[cryptome] Re: Clandestine british base

  • From: tpb-crypto@xxxxxxxxxxx
  • To: cryptome@xxxxxxxxxxxxx
  • Date: Tue, 03 Jun 2014 20:59:35 +0200

I'm sure someone that lives nearby can locate the correct cables and screw with 
them. lol the spying base has security only around its perimeter, but what is 
preventing people from breaking their cables outside the perimeter at least 
once a week? Will an entire country stay without internet because of that? 
Good! People will protest and ask for the problem to be solved, companies will 
be upset with business stopping, less taxes will be collected, everyone will be 
unhappy unless someone stops spying.

I wish we created something so revolutionary that everything developed until 
now would be scraped ... but considering how people scraped pen and paper, that 
will only be a dream.

I've lately endeavored to program for mobile phones and tried to build some 
security aware software, that's nightmare, for one platform alone the situation 
is worse than all desktop systems combined. Yes, security for Android or even 
CyanogenMod is worse than for Windows XP, and that's not because of the system. 
Cellphones are built from the ground up to not be secure and be easily spied 
upon, all of them. The hardware itself is created in a manner to allow it and 
software cannot interfere.

So, even if you talk over redphone, someone can listen to it through GSM 
backdoors built in which are impossible to disable.
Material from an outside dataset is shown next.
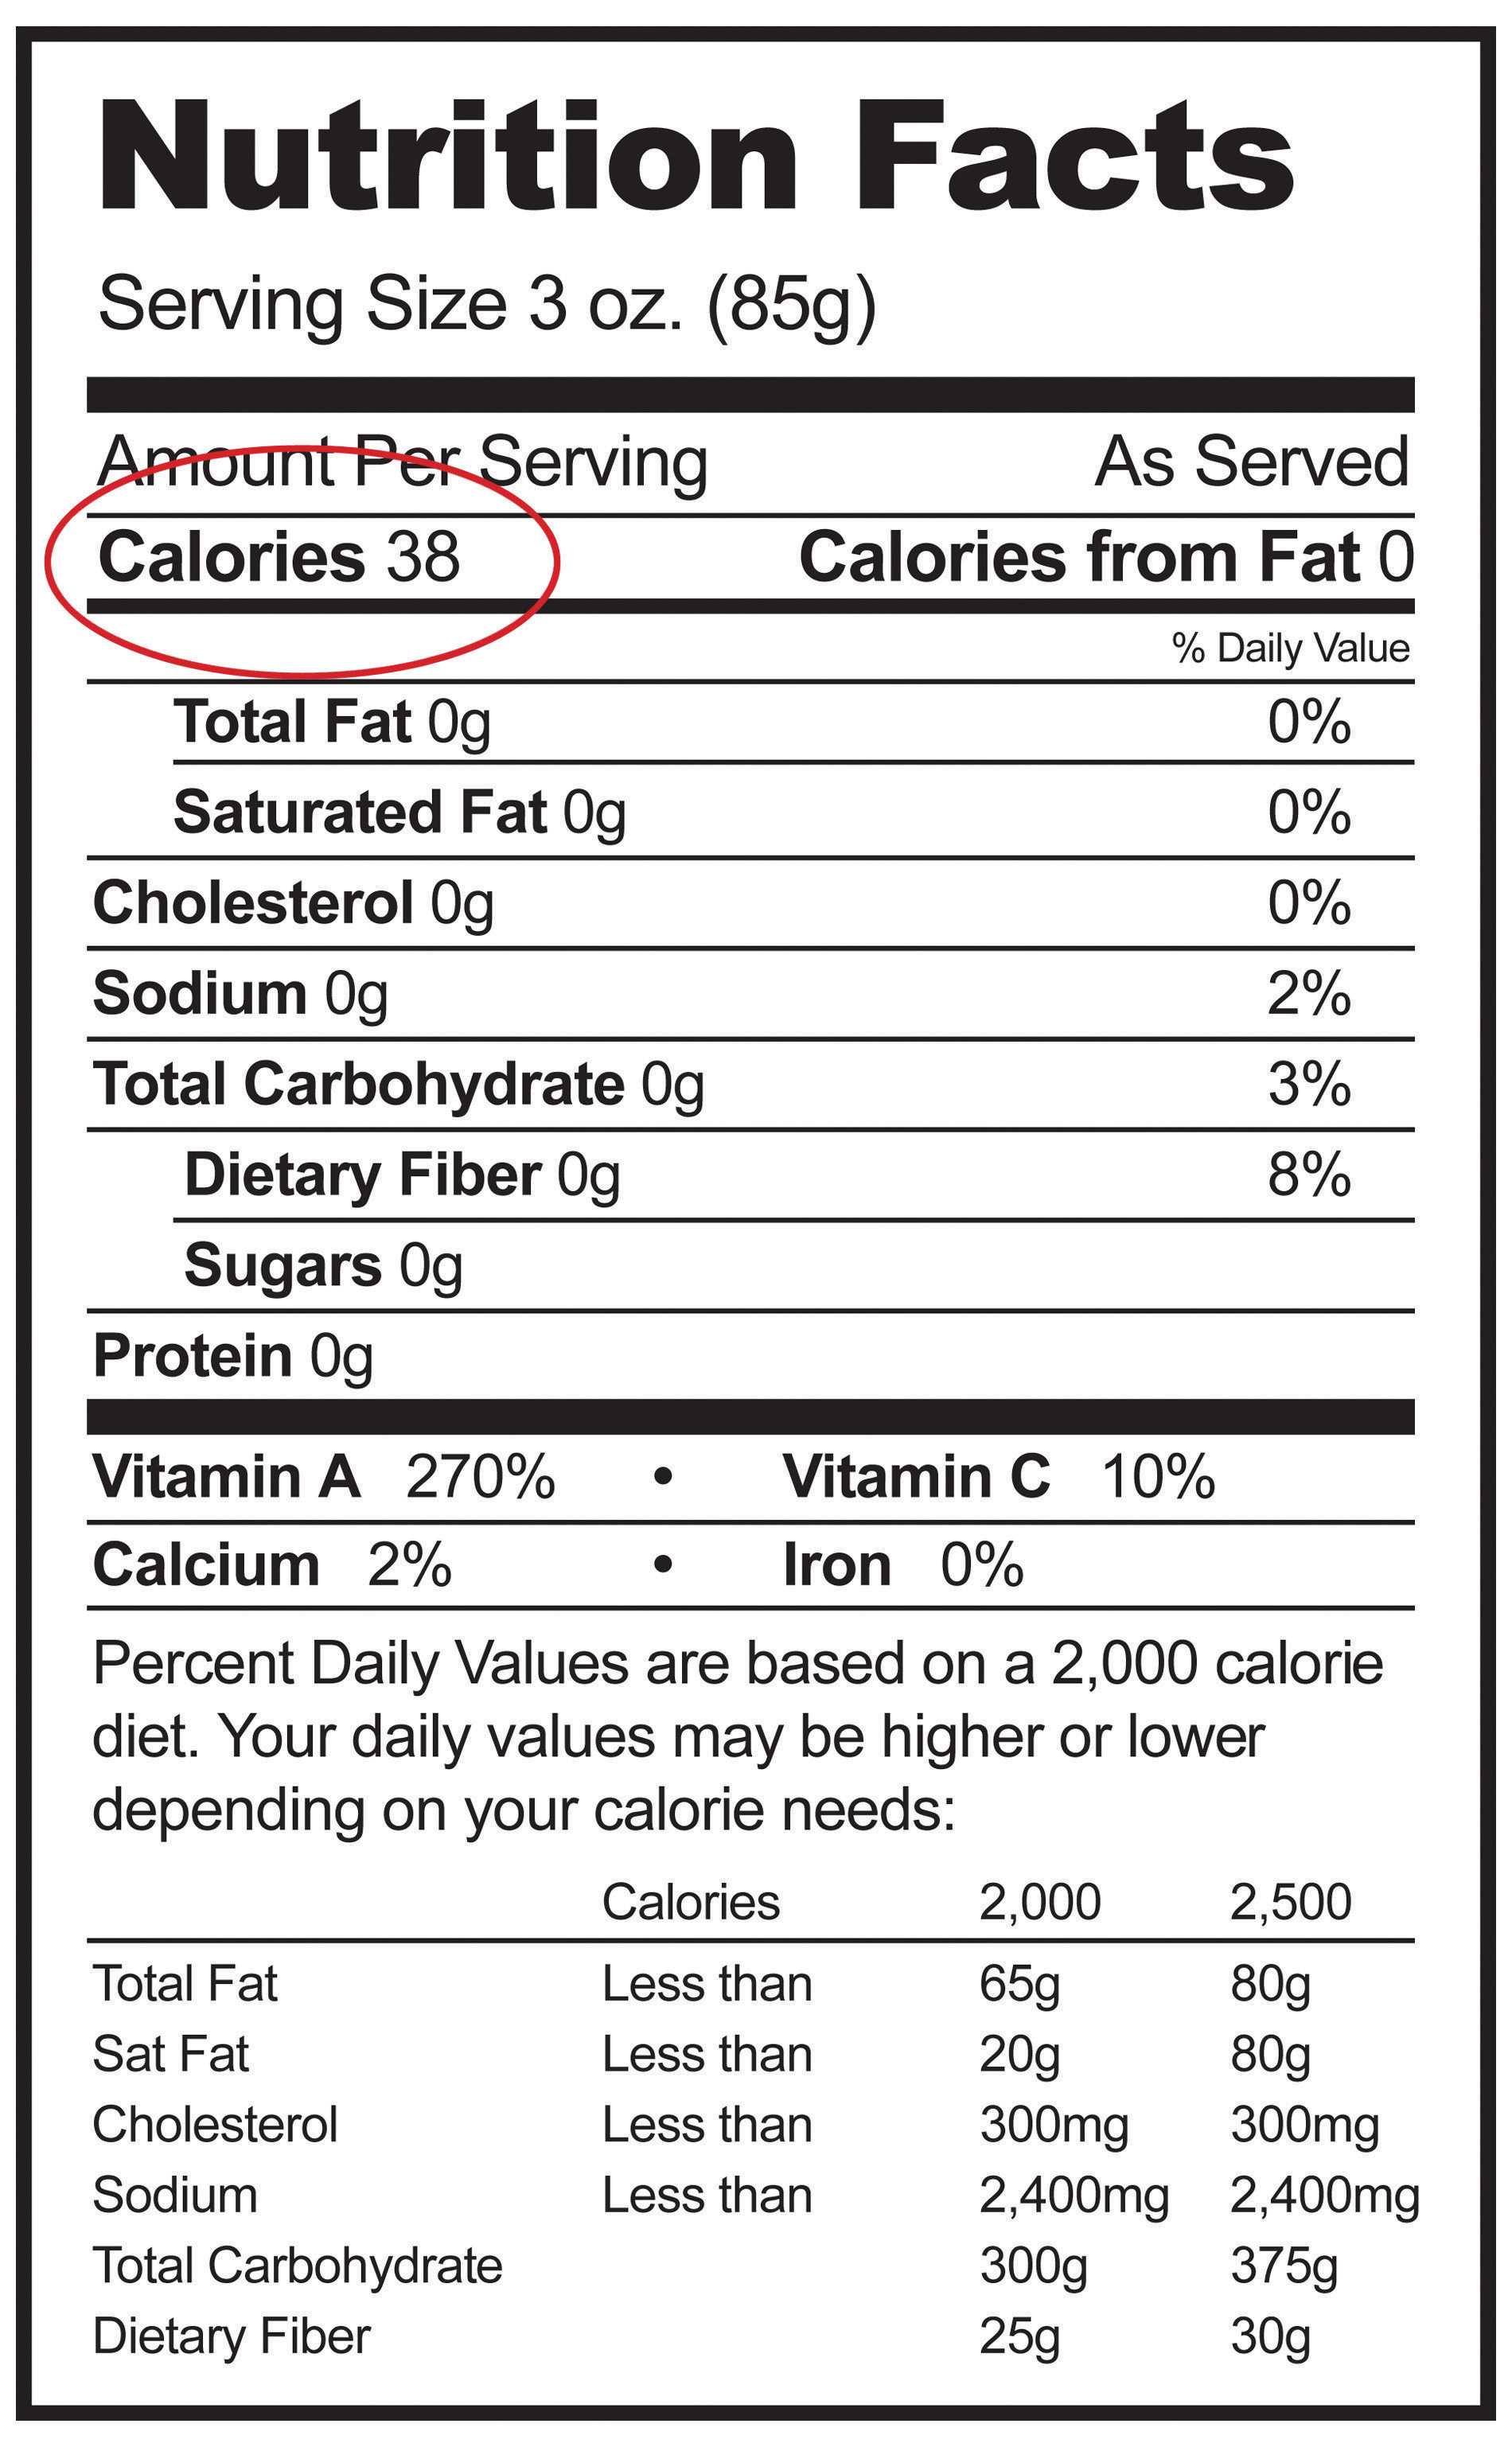 Etiqueta nutricional con un círculo rojo alrededor de la cantidad de calorías.

I've been wardriving to find and crack hotspots all over my town, can someone 
suggest a device that looks and works like a phone but has only wifi connection 
and can receive one of those open source phone systems? I would like to try to 
live online like that and see what happens.

Suggestions, please?

> Message du 03/06/14 19:34
> De : "Joe Products" 
> A : cryptome@xxxxxxxxxxxxx
> Copie à : 
> Objet : [cryptome] Clandestine british base
>

> 
> Exclusive Above-top-secret details of Britain’s covert surveillance 
> programme - including the location of a clandestine British base tapping 
> undersea cables in the Middle East - have so far remained secret, despite 
> being leaked by fugitive NSA sysadmin Edward Snowden. Government pressure 
> has meant that some media organisations, despite being in possession of 
> these facts, have declined to reveal them. Today, however, the Register 
> publishes them in full.
> 
> The secret British spy base is part of a programme codenamed “CIRCUIT” and 
> also referred to as Overseas Processing Centre 1 (OPC-1). It is located at 
> Seeb, on the northern coast of Oman, where it taps in to various undersea 
> cables passing through the Strait of Hormuz into the Persian/Arabian Gulf. 
> Seeb is one of a three site GCHQ network in Oman, at locations codenamed “
> TIMPANI”, “GUITAR” and “CLARINET”. TIMPANI, near the Strait of Hormuz, can 
> monitor Iraqi communications. CLARINET, in the south of Oman, is 
> strategically close to Yemen.
> 
> 
> 
> 
> 
> 
> 
> 
> 
> British national telco BT, referred to within GCHQ and the American NSA 
> under the ultra-classified codename “REMEDY”, and Vodafone Cable (which owns
> the former Cable & Wireless company, aka “GERONTIC”) are the two top earners
> of secret GCHQ payments running into tens of millions of pounds annually.
> 
> ---------- Původní zpráva ----------
> Od: tpb-crypto@xxxxxxxxxxx
> Komu: cryptome@xxxxxxxxxxxxx
> Datum: 3. 6. 2014 18:51:48
> Předmět: [cryptome] Re: TrueCrypt compromised
> 
> "> Message du 03/06/14 10:51
> > De : "Shaun O'Connor" 
> >
> > I take your point about the encryption dilemma(did I spell that
> > correctly). I think the Jury is out on that particular issue though...
> > 
> > Personally I think we are in a perpetual game of cat and mouse with
> > those who make it their business to know everything about everyone..
> > 
> 
> The rewards for the spies are too great for this game to end one day.
> 
> The game will continue, but because of these disclosures by half-2015, the 
> spies will have to start all over again, at least against people who are 
> aware and actively protect their systems. Because those that got legacy 
> systems will be forever under the treat.
> 
> Considering our increasing life expectancy and the fact that we are using 
> Cobol and Fortran codes made 40 years ago in many financial and scientific 
> institutions, we can count many exploits discovered in the last decade to be
> still exploitable in 100 years. Because those systems won't go away.
> 
> An example of why this is possible, is how many webservers (not merely 
> firmware routers hard to re-flash) you will find that are still vulnerable 
> to heartbleed. The rate of correction seems to be asymptotic, thus always 
> leaving some uncorrected systems till the end of their usable lives.
> 
> Put that in an automated system like spy agencies have, and you have 
> interesting data streams forever to exploit. The only solution to stop them 
> is to uncover their taps and block them, those are much smaller in number 
> and easier to tackle than millions of machines."